What is Paying Yourself First and Why Does it Matter?

Paying yourself first does not mean getting out cash from the ATM on the day your paycheck clears, or treating yourself to something special because of all the hard work you’ve been doing. To pay yourself first means to set aside a portion of that hard-earned paycheck in a savings account. This could be a traditional savings account, a retirement account, or any other type of savings (from a rainy day emergency fund to your special savings account for a vacation or a new car).

Bottom line: Paying yourself first is a better, more purposeful way to save money.

The tangible benefits are clear. It’s simply much easier to reach your $5,000 emergency fund goal when the $500 you save monthly comes out of your paycheck just as soon as you receive it. If instead of paying yourself first you decide to wait until you have a chance to go over your finances just before the rent is due then it’s likely that the money you could have, should have moved into savings will have already been spent. If this happens month after month, then that fund or savings account just won’t grow as intended.

Money experts often recommend paying yourself first because they know how powerful this shift can be. When you pay yourself first — and meet your monthly or bi-weekly savings goal immediately — you get the feel good jolt of a job well done. This psychological pat on the back can help us change our behavior, motivating us to save rather than spend. As we get into the practice of paying ourselves first, we also become accustomed to meeting goals. This can boost confidence levels and reverse feeling led by money, or rather, a lack of money to taking more of a productive mindset. In essence, when we pay ourselves first, we treat ourselves like we matter and are worth investing in and saving for; that’s a powerful message indeed.
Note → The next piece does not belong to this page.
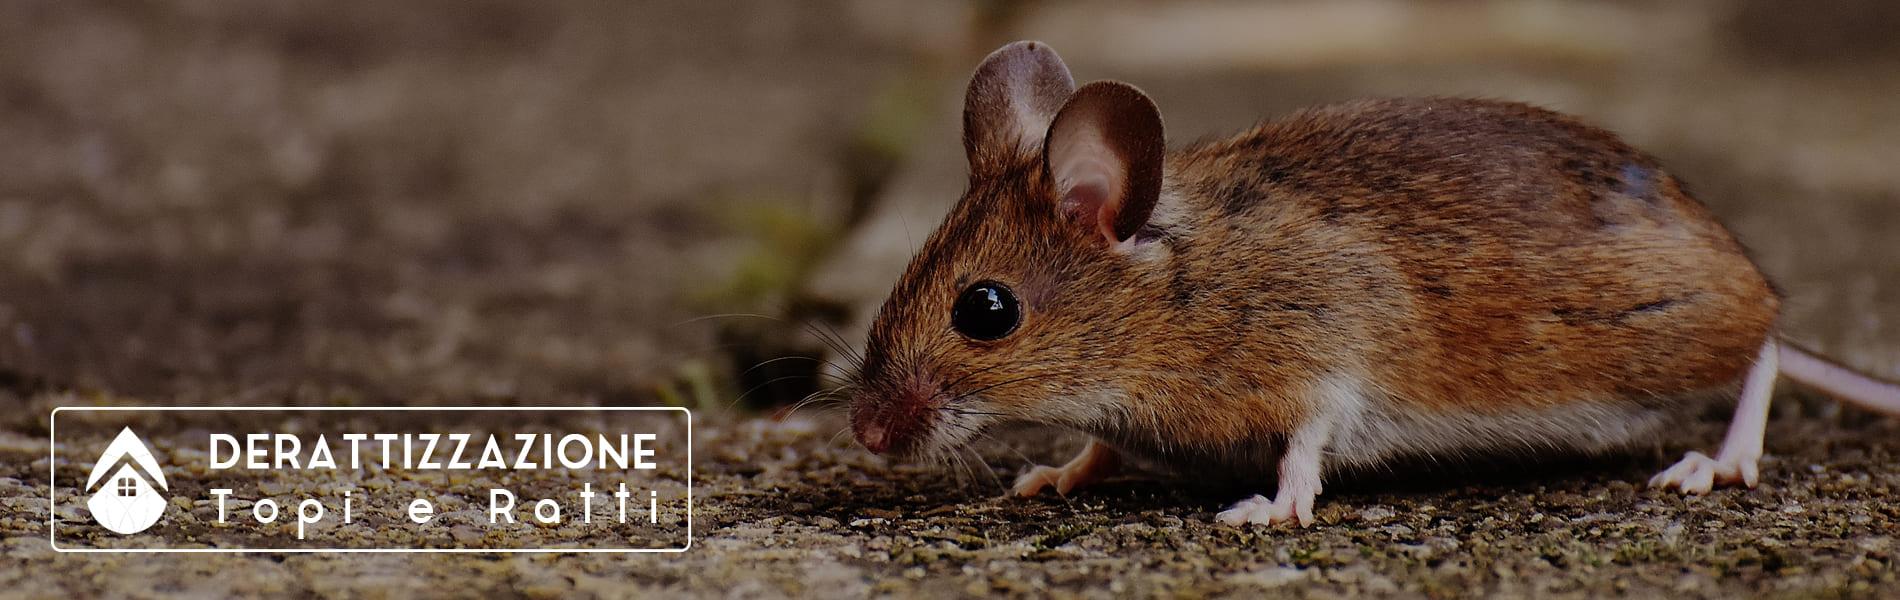 Derattizzazione topi e ratti | Emmada

It doesn’t matter whether you’re saving $500 or $50 a month; what matters is prioritizing the goals of tomorrow over the transitory stuff of today. When you do this month after month, you build up resiliency and self-reliance. And there’s the added bonus that now, when a minor emergency pops up, you’ll have the funds to pay for it and you won’t have to stress about borrowing or finding the money.

How to Pay Yourself First

Since you can set up automatic deposits to a savings or retirement account, the pay yourself first approach allows you to spend a portion your money on your future before you spend it all on the present. To get started, simply set up a recurring transfer that goes from your primary checking account to your preferred savings account on the day you get paid. Once you set it up, your money will be transferred automatically and your savings will grow. If you prefer not to automate banking, manually transfer money to your savings vehicle once you’re paid.

Some people use this approach to fund their retirement accounts, while others set aside funds to improve their home, purchase a timeshare, or sock money away for their children’s college funds–or all of the above. No matter what your savings goals are, put the pay yourself first practice to work for you and you’ll see just how transformative it can be.